Sermilik Fjord DEMs for (left) 24 June and (right) 29 June 2012. The DEMs are cropped to focus on the iceberg delineated with the black-and-white dashed polyline. Elevations in meters above sea level are distinguished according to color. Large icebergs are shown as warm colors. Bergy bits are light blue and the ice-free fjord areas are dark blue. Dark blue colors within the icebergs are data gaps.

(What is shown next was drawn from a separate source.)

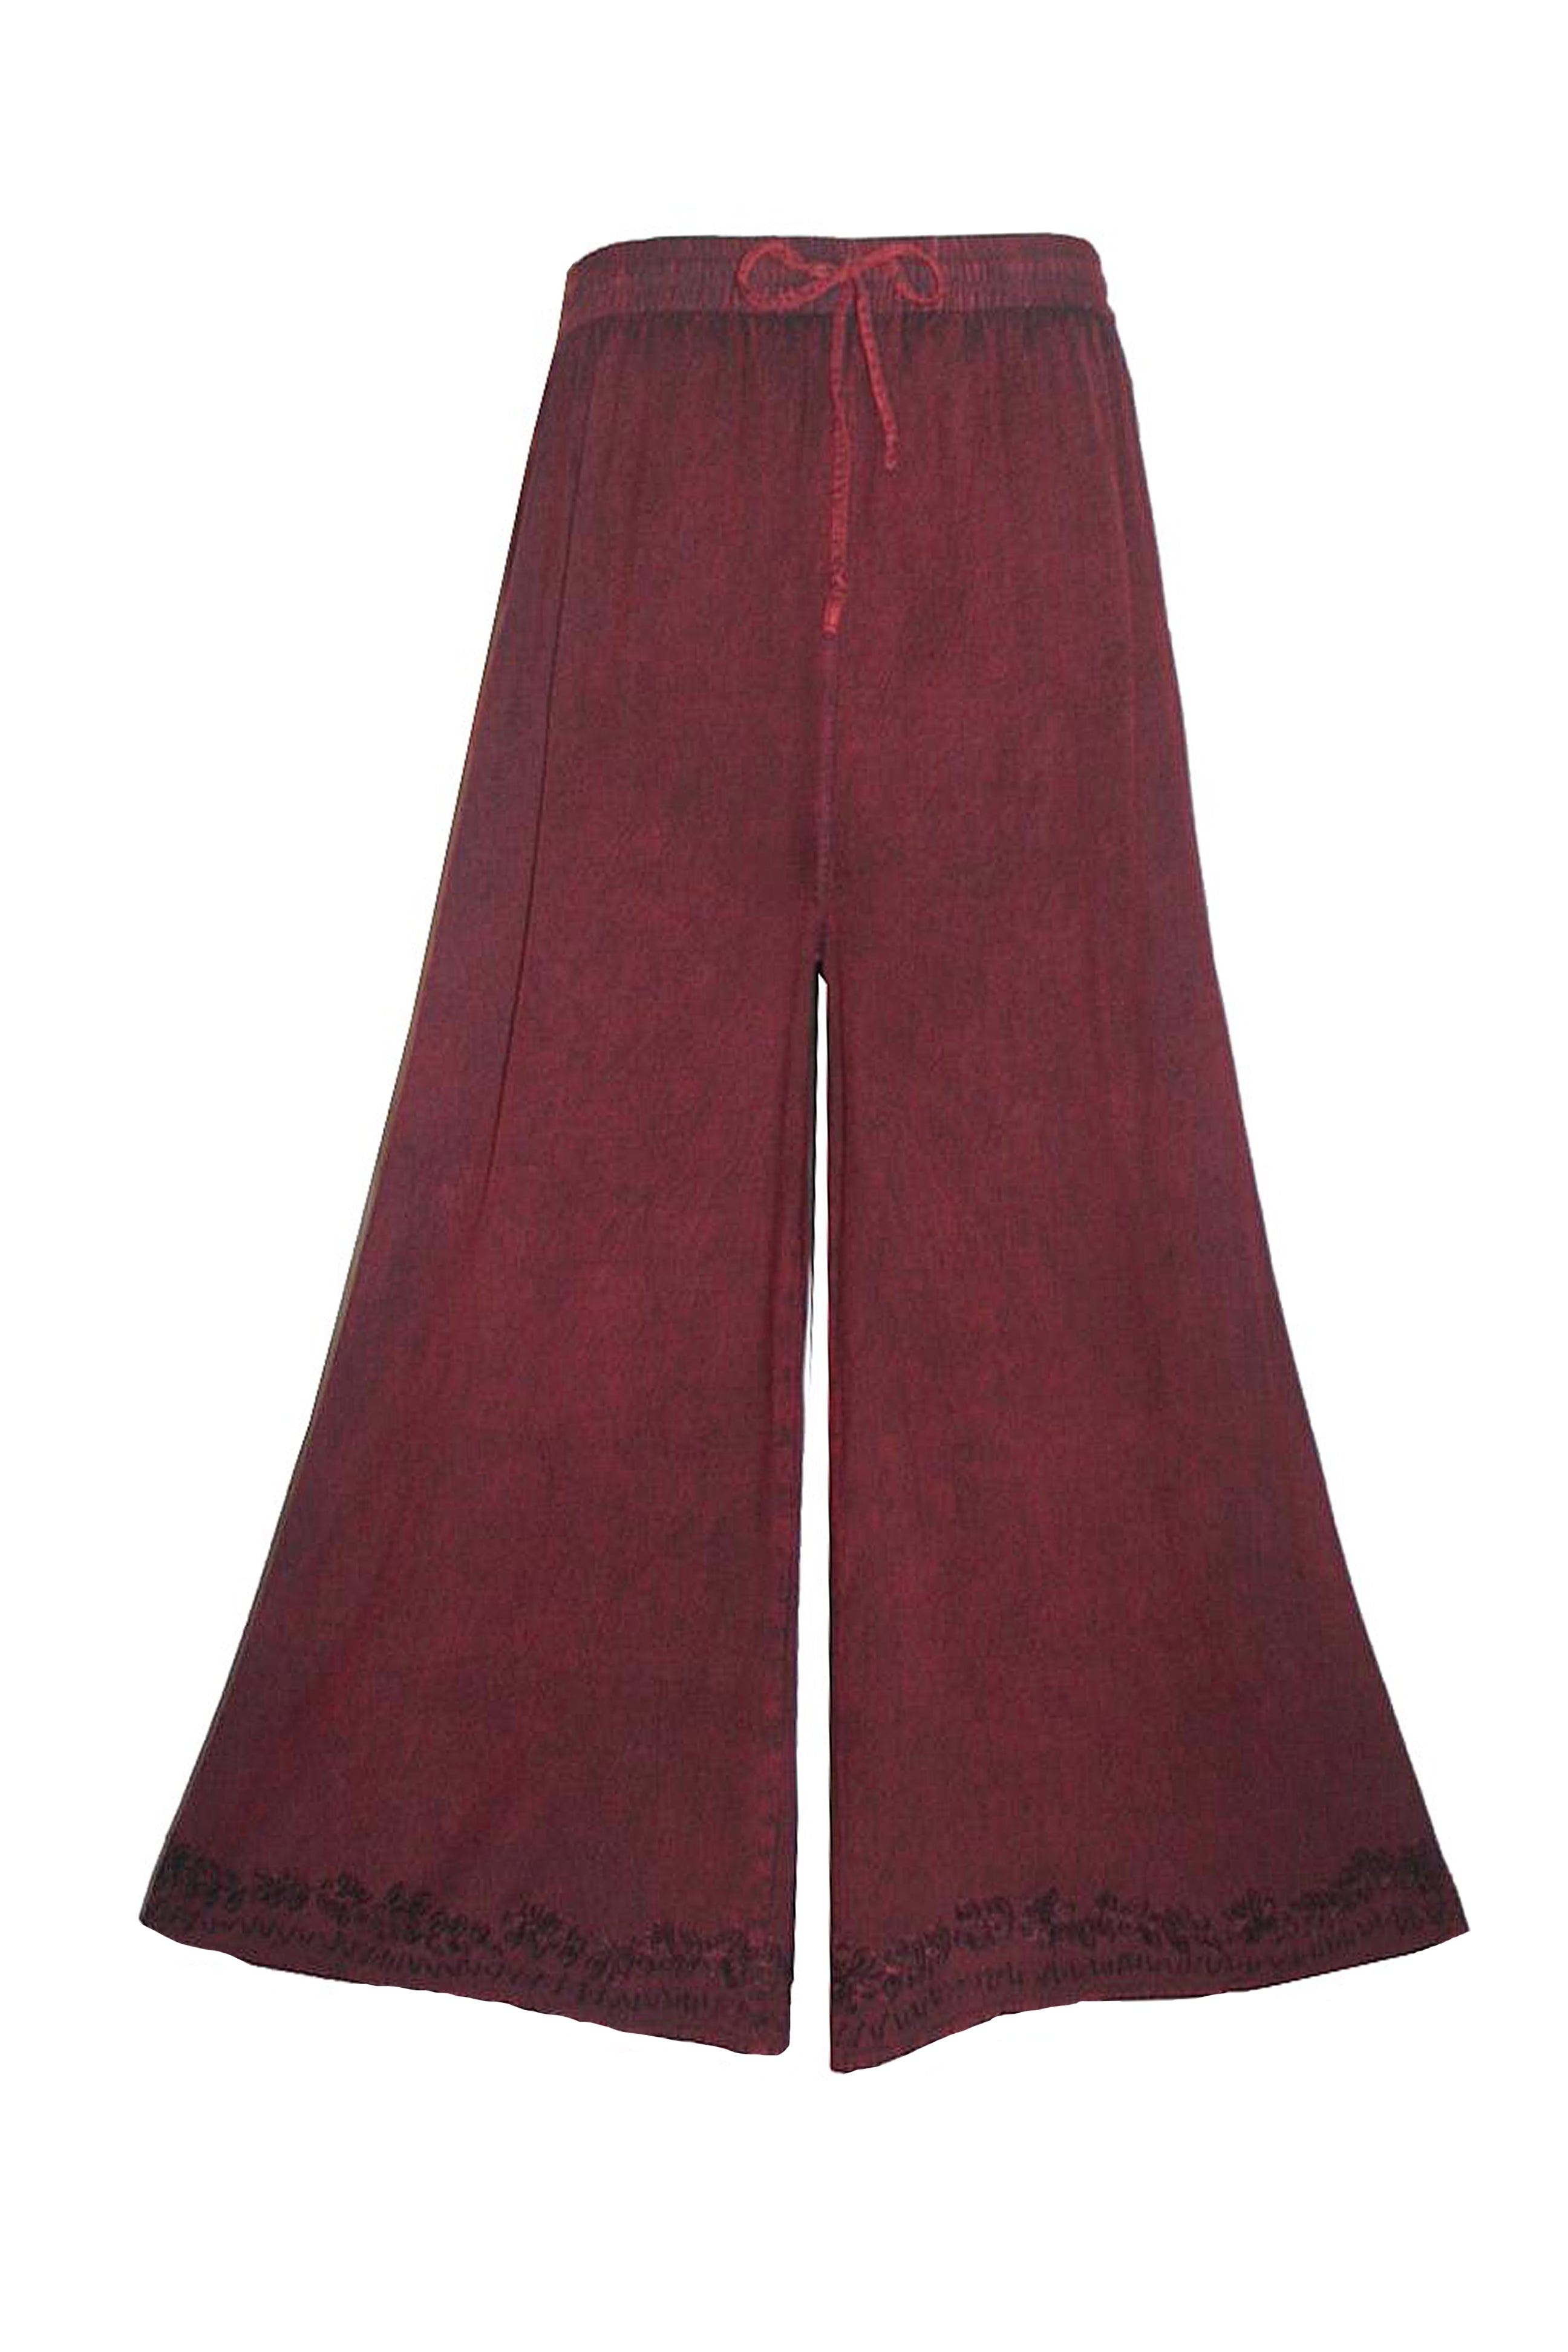 Shipibo Print Crochet Yoga Pants with Skirt Waist – Mystic Closets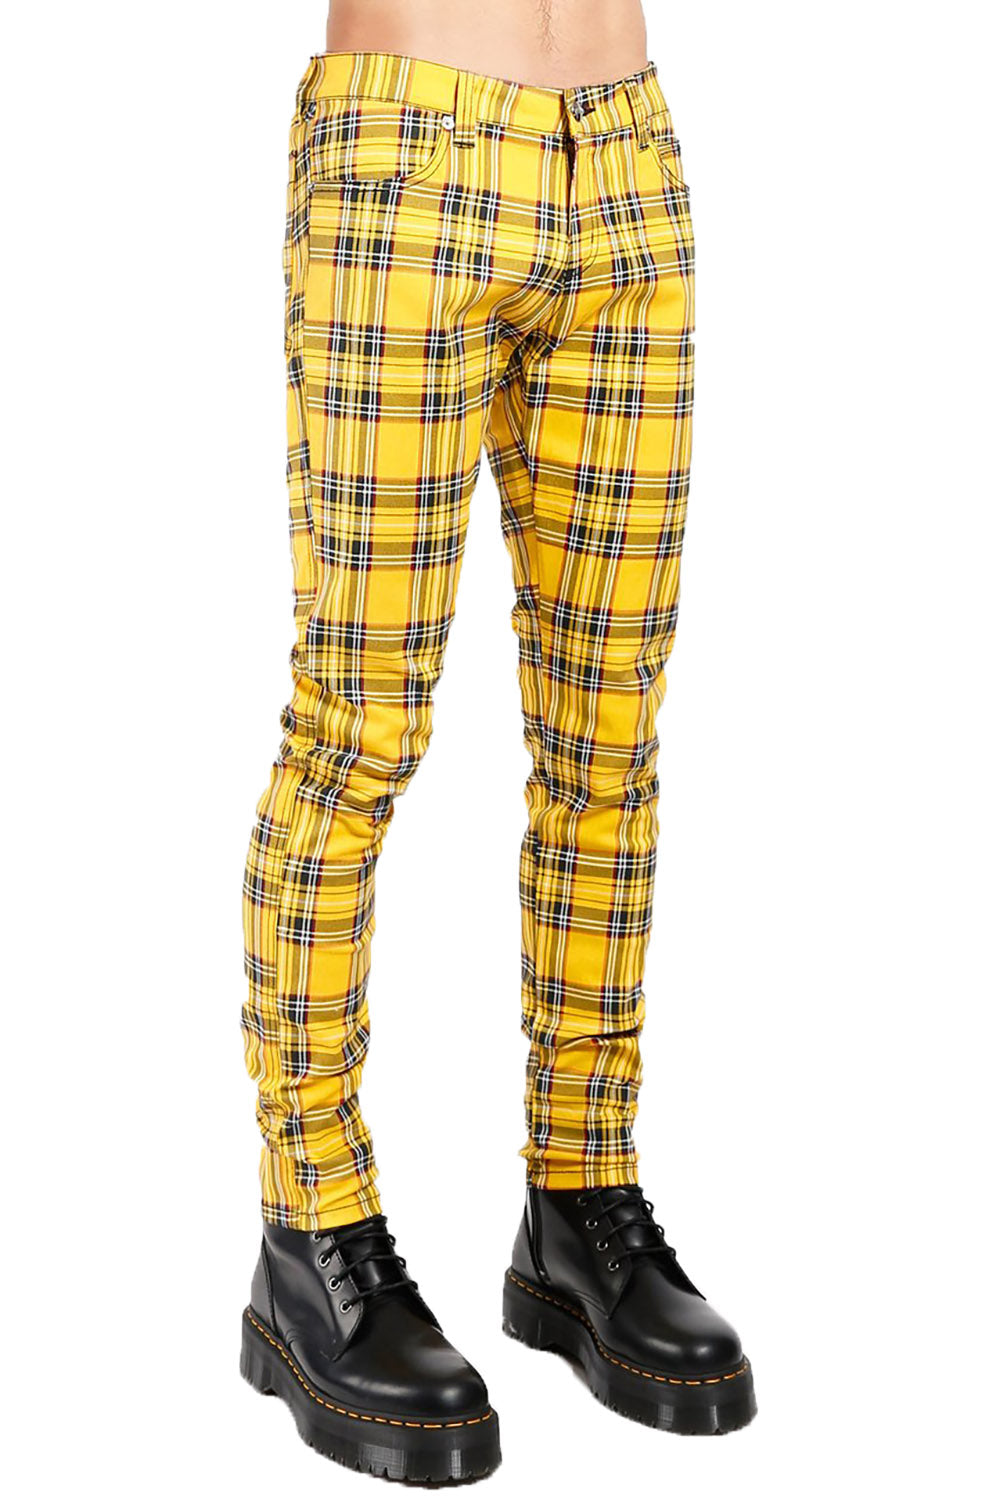 Black & Yellow Plaid Pants - High Waisted Flares - Pull On Pants - Lulus

Sermilik Fjord DEMs for (left) 24 June and (right) 29 June 2012. The DEMs are cropped to focus on the iceberg delineated with the black-and-white dashed polyline. Elevations in meters above sea level are distinguished according to color. Large icebergs are shown as warm colors. Bergy bits are light blue and the ice-free fjord areas are dark blue. Dark blue colors within the icebergs are data gaps.

 
I am working on estimating iceberg melting in Greenland’s major glacial fjords as part of my postdoctoral research with Gordon Hamilton at the University of Maine Climate Change Institute. So far I’ve estimated iceberg melt rates in Sermilik and Ilulissat Fjords in East and West Greenland, respectively, and found some interesting results. Just as you may have observed when adding ice cubes to drinks, the freshwater flux from icebergs increases with the submerged surface area (smaller ice cubes dilute your drink faster). Summer melt rates are similar in both fjords (~0.3-0.4 m/d) despite differences in water temperature of ~1°C but winter melt rates are much lower (~0.1 m/d) in Ilulissat Fjord. Winter melt rates cannot be calculated for Sermilik Fjord and the winter decrease may be unique to Ilulissat Fjord, but needs to be investigated further. Through collaboration with Fiamma Straneo and Claudia Cenedese, I hope to provide the first detailed analysis of spatial and temporal variations in iceberg submarine melting in these fjords and possible explanations for the observed variability. The method used to estimate melting is described in detail in an article currently in review with the Journal of Glaciology and I hope to submit an article comparing iceberg melting in the two fjords in the next month.